I am trying to be patient with this medication, but it’s obviously not helping One. Single. Thing.

Dylan hasn’t turned in his lab work from October 30th – the day before we took him off his medicine.  He did it in class.  He just hasn’t turned it in.

He had a take-home quiz on Chapter 1 of Call of the Wild due a week ago.  He didn’t even know what it was, when I pulled it out of his binder.  It had pencil marks, as if he’d started to answer the questions and then just erased everything he’d written.  After pestering him for several days, he finally turned it in yesterday – a week late.

His algebra homework was due on Nov. 8th – and he turned it in, after constant prodding, yesterday.  Today is the 21st.

Three weeks into the new quarter at school, Dylan’s got a D in science and he’s failing algebra.  The algebra grade will be the first one on his college transcripts.

The reason he’s doing so well in engineering, chorus and P.E. is because there isn’t any paperwork to turn in.

He loves to give food to the homeless, but he forgot to take his items to school every single day of the food drive.  The drive is over now.  Anyone need a small jar of peanut butter and a can of stewed tomatoes?

At home, he’s just as unresponsive.  He doesn’t wipe the table after dinner – ever.  This has been his job for two years.  He doesn’t practice piano – although he plays it for hours.  He is engrossed by very small things, and has no idea what he’s supposed to be doing if he gets stuck, say, making some sort of pulley out of a piece of yarn and a yardstick.  He forgets to brush his teeth, wear deodorant, put on long sleeves for the cold weather.

He forgot to take his pill so often that I made a chart to keep track of the pill-taking.  His job is to mark the chart while the pill is in his mouth.  Yesterday, he forgot to mark the chart.

We call him for dinner and he doesn’t come.  Sometimes he doesn’t even answer to the sound of his own name.

Yesterday, interestingly, we were talking and he blurted, “What?”

I said, “What do you think I said?”

Then he repeated it, almost verbatim, and said, “You don’t really need to answer me when I say what? because sometimes it just takes my mind that long to figure out what you said.”

I remember – again – that Dylan tested in the 9th percentile for processing speed.  He may be brilliant, but he can’t process what is said until everyone else in the room has moved on to something else.

Until this month, and for several years, I believed he would outgrow this.  I believed his brain would catch up, develop properly, eventually fill in the gaps of ability that he didn’t have when he was younger.  I watched it happen with his half-brother in 7th grade, after being diagnosed early as “borderline” ADHD.  Chris went on to become studious, attentive and an honors student at college – with no medication.

But for Dylan, I’m not so sure.  For all those years, we didn’t give Dylan any medication at all.  I hate medication.

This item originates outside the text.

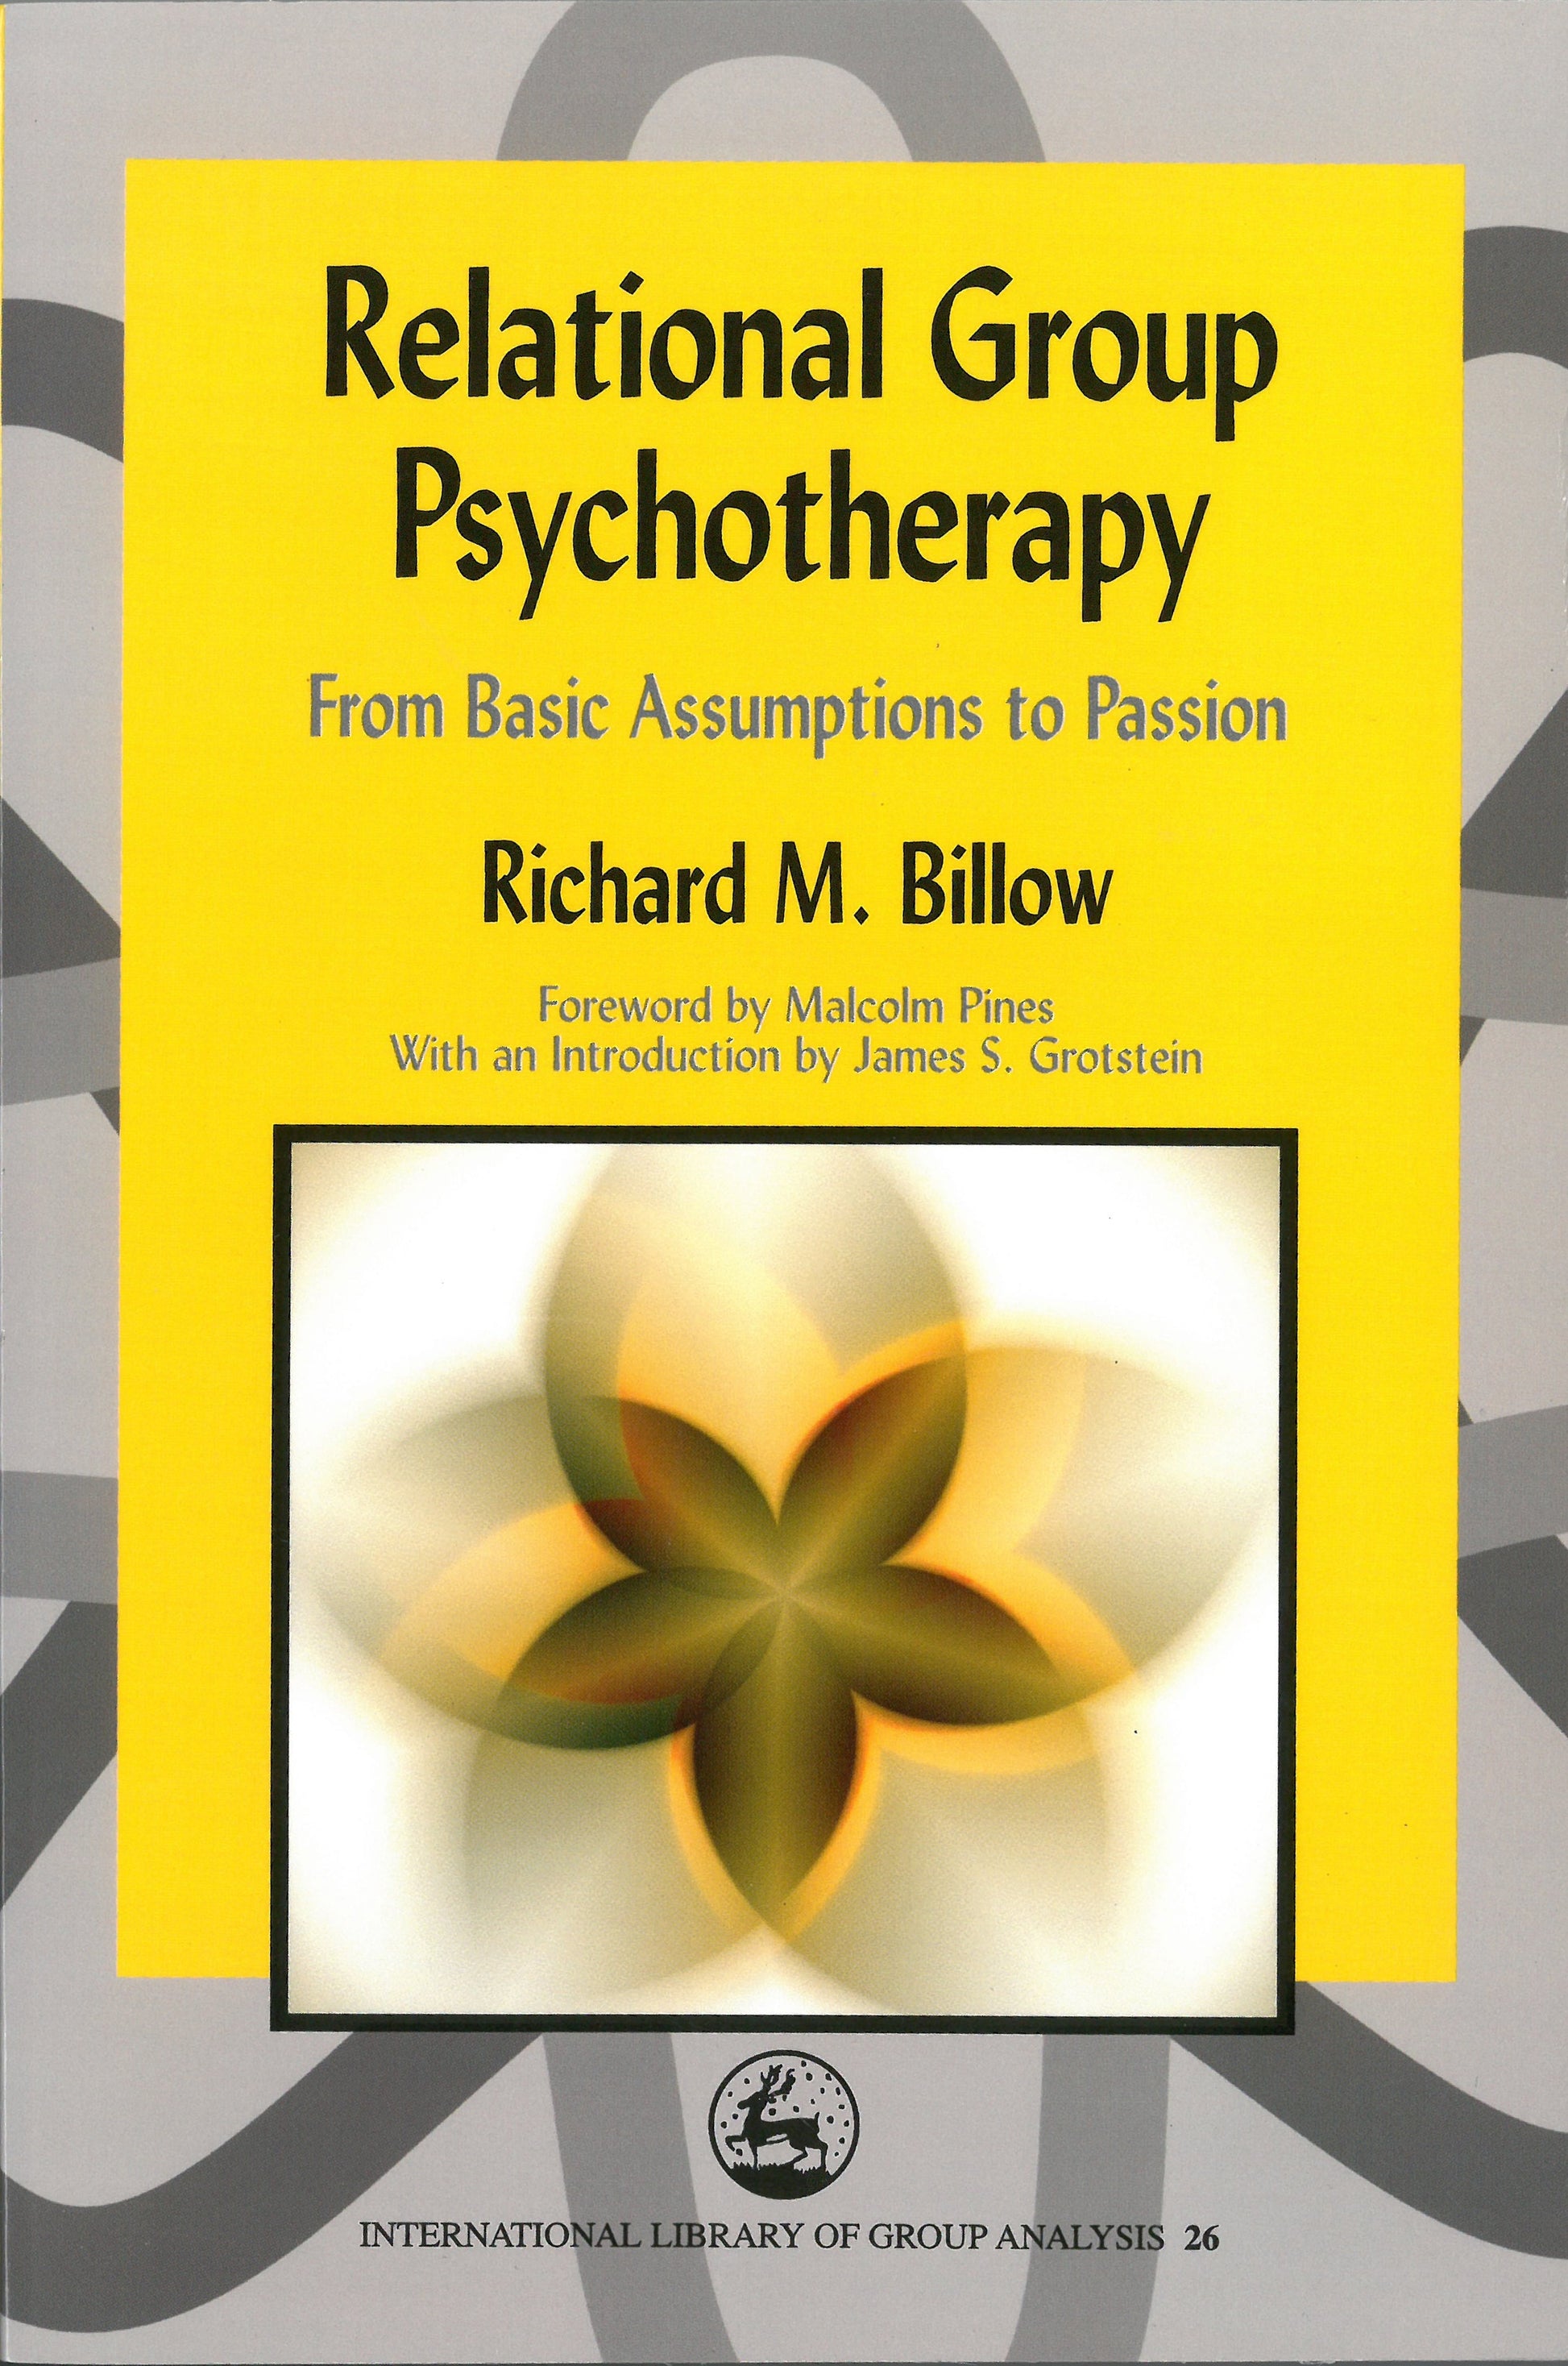 Relational Group Psychotherapy by Richard Billow, Malcolm Pines

Now I am just waiting for a pill to do something.  Please!

2 Comments

  1. WOW, Chad, that is considerable consolation! I consider you not only a success in life and family, but a real inspiration for Dylan – so knowing that you have similar struggles makes me feel a lot better. Thanks so much for the tip and for sharing!

  2. Chad Austin says:

    If it’s any consolation, I’m very slow at processing information too. It drives me insane at work, because people are constantly shifting to new topics and interrupting me, and 10 minutes later I’m like “Well, I actually think this premise we came up with 10 minutes ago is wrong, and here’s why.” I’ve found it’s much easier for me to work out thoughts in writing rather than in person.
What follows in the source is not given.